Background technology
Currently, it is known that a kind of radiator, electric component can be attached to this radiator so that electric component cools down.This radiator is provided with surface area big as far as possible so that as efficiently as possible by the dissipation of heat to ambient air.The problem of this radiator is that electric component is likely to produce heat load more more than the heat load that radiator can dissipate.This problem generally occurs when the surface area of available limited space and therefore radiator can not increase to sufficient size.
Currently it is known that a kind of chiller, this chiller utilizes a fluid to the heat load that place's reason electric component produces.In this chiller, electric component is attached to vaporizer, and the fluid heated is supplied to condenser by this vaporizer.Heat is dissipated to ambient air by condenser from fluid.
If it is known that chiller can be used to replace known radiator will be advantageous for obtaining more effective cooling in existing electric device.But, in many existing electric devices, chiller that the space at radiator place is circulated for above-mentioned employing fluid and Yan Tai little.
Summary of the invention
It is an object of the invention to provide a kind of chiller, this chiller can use to provide effective cooling in numerous applications.This purpose is by realizing according to the chiller of independent claims 1.
Use and there is the first section and the second section air-flow is guided through the chiller of this first section and the second section and makes it possible to obtain compact and effective chiller.
It is disclosed in the dependent claims the preferred embodiment of the present invention.
Accompanying drawing explanation
Hereinafter, incite somebody to action in an illustrative manner and be explained in more detail with reference to accompanying drawing to the present invention, in the accompanying drawings:
Figures 1 and 2 show that the first embodiment of chiller,
Fig. 3 and Fig. 4 illustrates the second embodiment of chiller, and
Fig. 5 illustrates the 3rd embodiment of chiller.

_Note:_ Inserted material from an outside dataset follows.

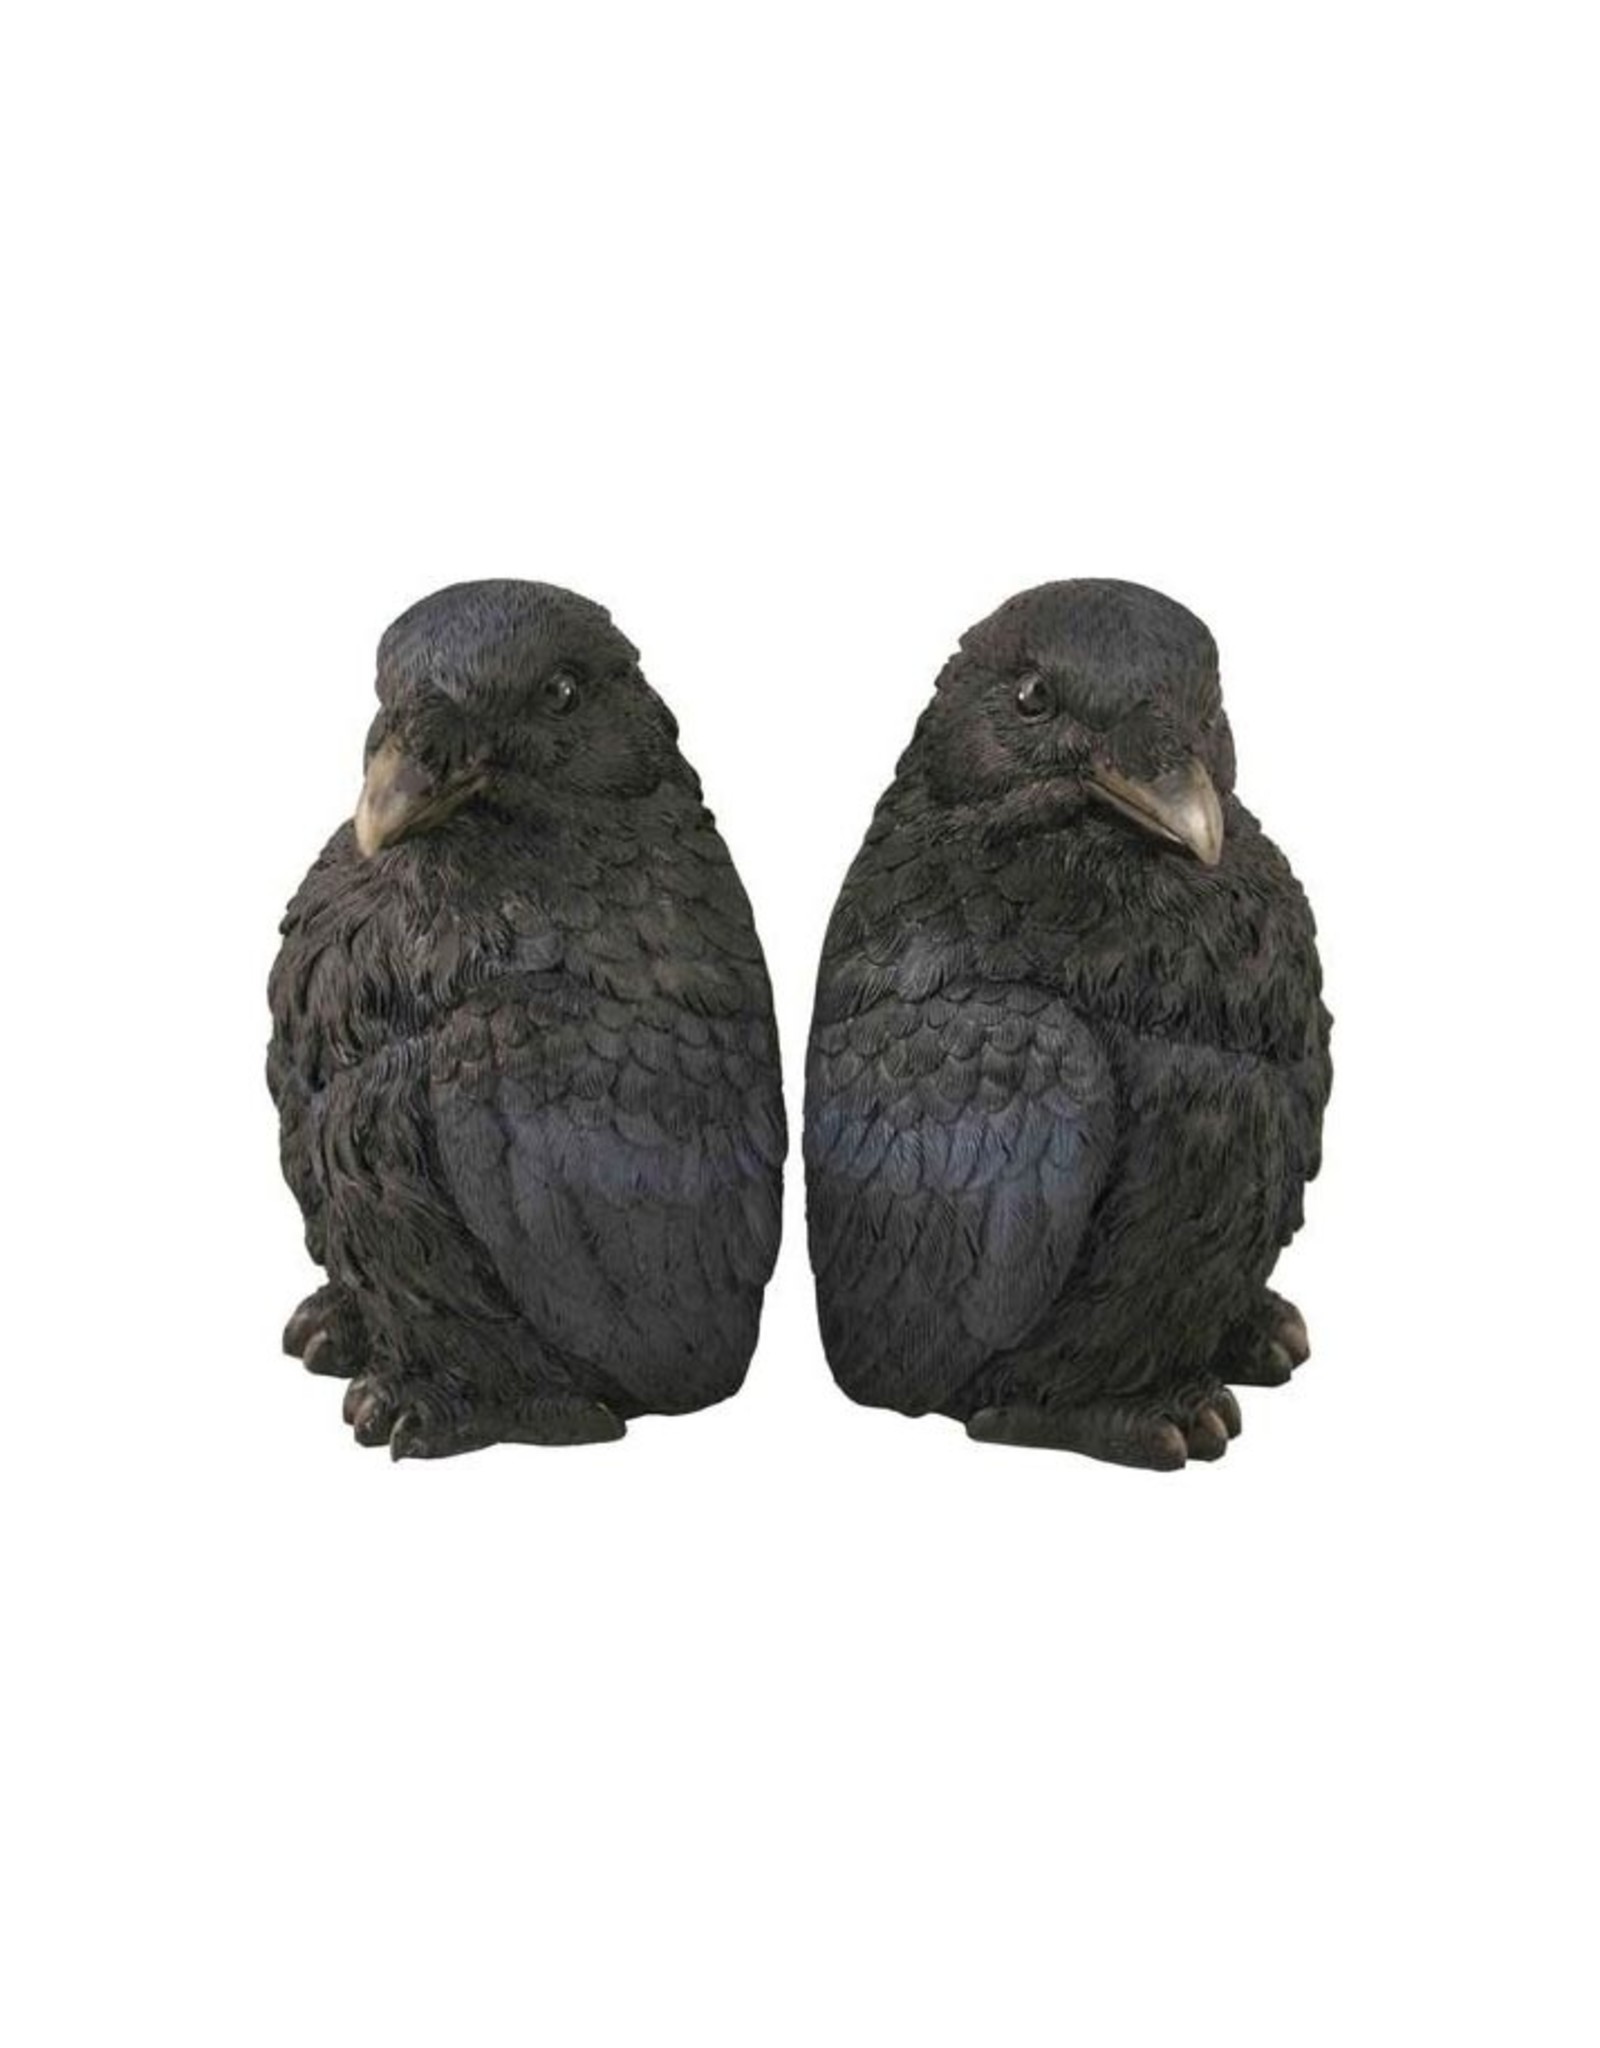 Corvus (Crows) Bookend Set

Detailed description of the invention
Figures 1 and 2 show that the first embodiment of chiller.Chiller includes the first cooling element 5, and this first cooling element 5 has the first path 6 extended between the first manifold 1 and the second manifold 2.In example shown in Fig. 1 and Fig. 2, use multiple pipe 7 to house path 6.Pipe 7 shown in each includes, by the first path 6 longitudinal side wall 8 separated from one another of a pipe 7, illustrating in greater detail in Fig. 5.Described pipe can be such as MPE pipe (porous extruding flat tube).

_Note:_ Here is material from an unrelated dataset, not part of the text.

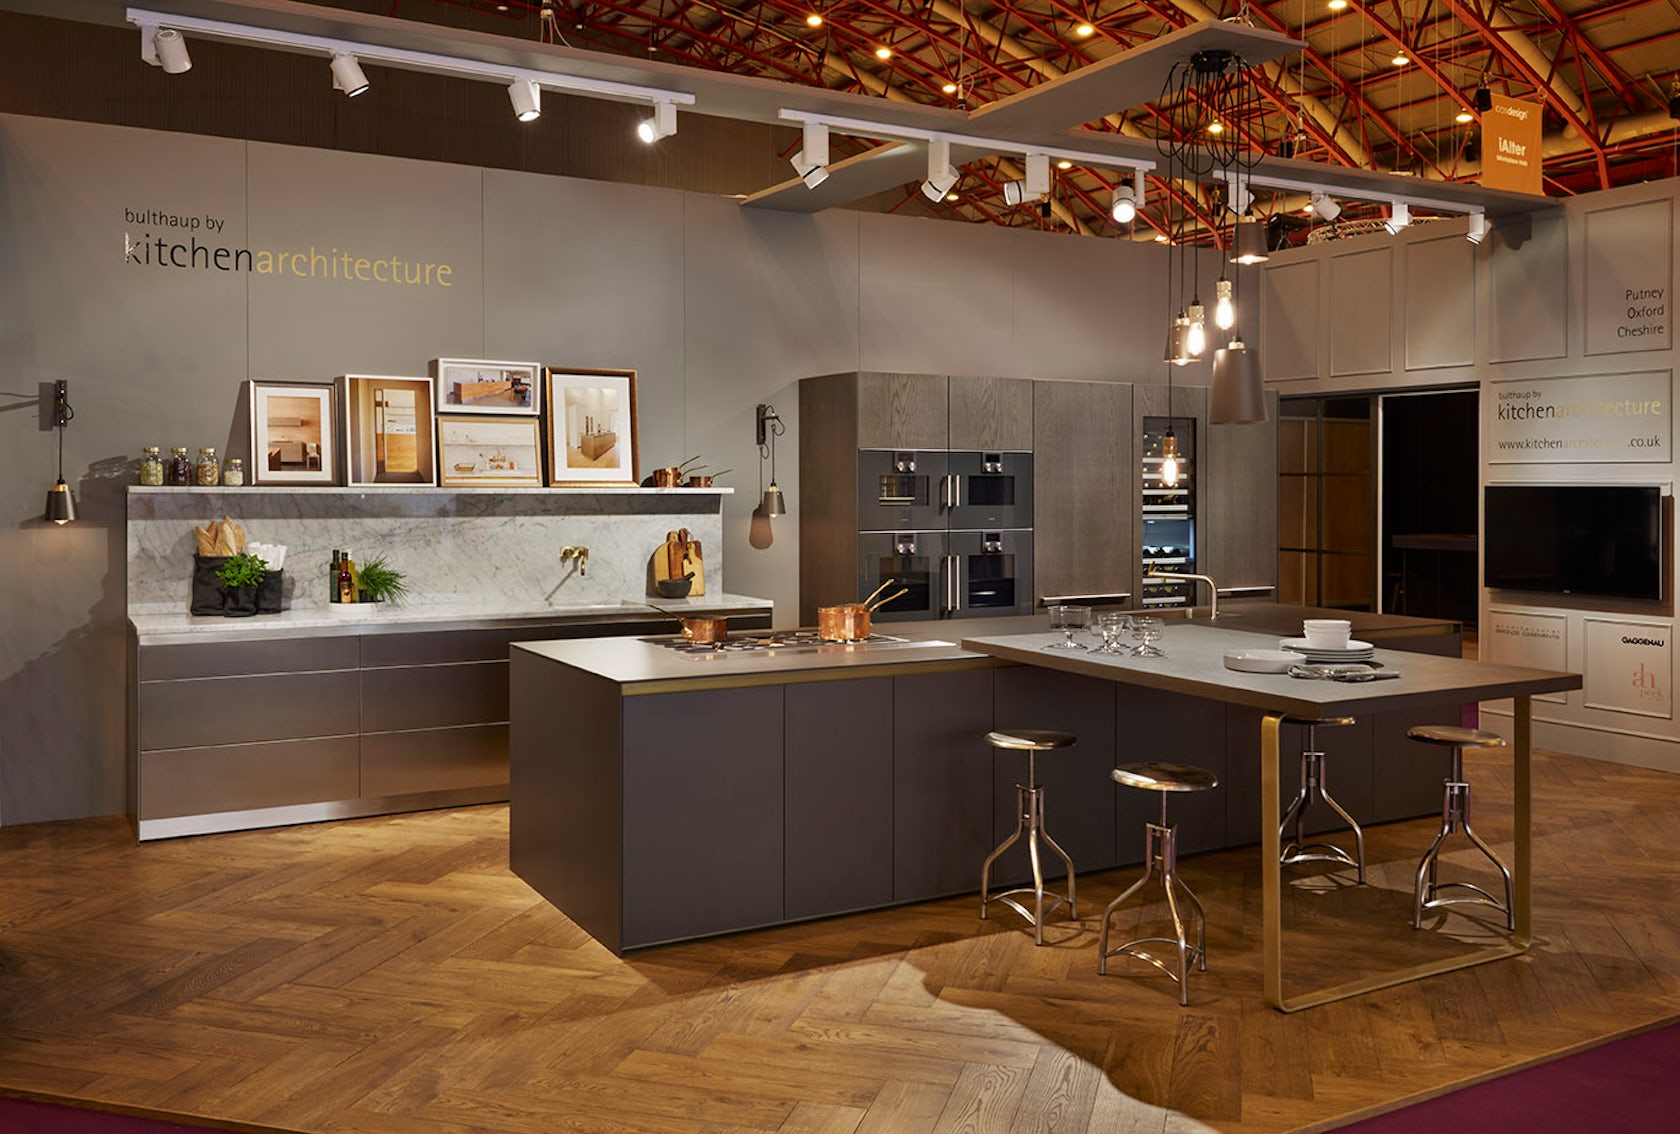 100% Design 2014: Kitchen Architecture's bulthaup b3 stand - Architizer

First element 5 also includes substrate 9.The first surface 10 of substrate is provided with electric component 11 (or more than one electric component).Producing thermic load during electric component 11 uses, this thermic load is received via first surface by substrate.In the example presented in the figure, the second surface 12 of substrate 9 is provided with groove 13, and the pipe 7 with the first path 6 is arranged in described groove 13.Therefore, the heat being derived from electric component 11 is efficiently transmitted to the fluid in the first path 6.
First cooling element 5 is operable as vaporizer, and in this case, fluid evaporates owing to being derived from the heat of electric component and therefore fluid is passed up to the second manifold 2 in fig. 1 and 2.First path 6 of each pipe 7 is connected to elongate tube each other in the upper end that may be included in the first cooling element 5 similar to the manifold shown in other by the second manifold 2.
Chiller also includes the second cooling element 14, and this second cooling element 14 has the alternate path 16 extending to the 4th manifold 4 from the 3rd manifold 3.Similar with the first path, alternate path 16 may also be arranged in the pipe 17 having longitudinal interior wall separated from one another for alternate path 16.It practice, pipe 17 can be similar with the pipe 7 shown in Fig. 5.
Air-flow 18 is provided to pass through between the second manifold 16 in different pipes 17 in shown example via oral area 19, to cool down the fluid in the alternate path 16 of the second cooling element.Second cooling element 14 may be operative to condenser, and in this case, fluid can be condensed into liquid while being moved towards the 4th manifold 4 by alternate path 16.Pipe 15 provides the fluid communication between the 4th manifold 4 and the first manifold 1 so that the fluid having been cooled by can enter the bottom of the first manifold 1.When chiller keeps the stand up position being in shown in Fig. 1 and Fig. 2, it is possible to achieve circulated without pump by the fluid of chiller.By utilizing first path 6 with capillary size even can also strengthen fluid circulation further in the first cooling element 5.
In order to obtain effective cooling, chiller is configured to air-guiding 18 through the oral area 19 in the first section 21 of the second cooling element 14, and also extends through the second section 22 of the second cooling element 14 subsequently.In the example shown, same air-flow also extends through the 3rd section 23 of the second cooling element 14.But, not all embodiment is required for the 3rd section.The fact that due to same air-flow through the more than one section of the second cooling element 14, can effectively utilize the cooling capacity of air-flow 18, this gives the cooling performance that chiller is fabulous, regardless of whether the fact that chiller is likely to be implemented as how compact and space-saving chiller.If being provided with the radiating fin 24 extended between alternate path 16 (and pipe 17) as shown in Figures 1 and 2 at oral area, then cooling capacity can become better.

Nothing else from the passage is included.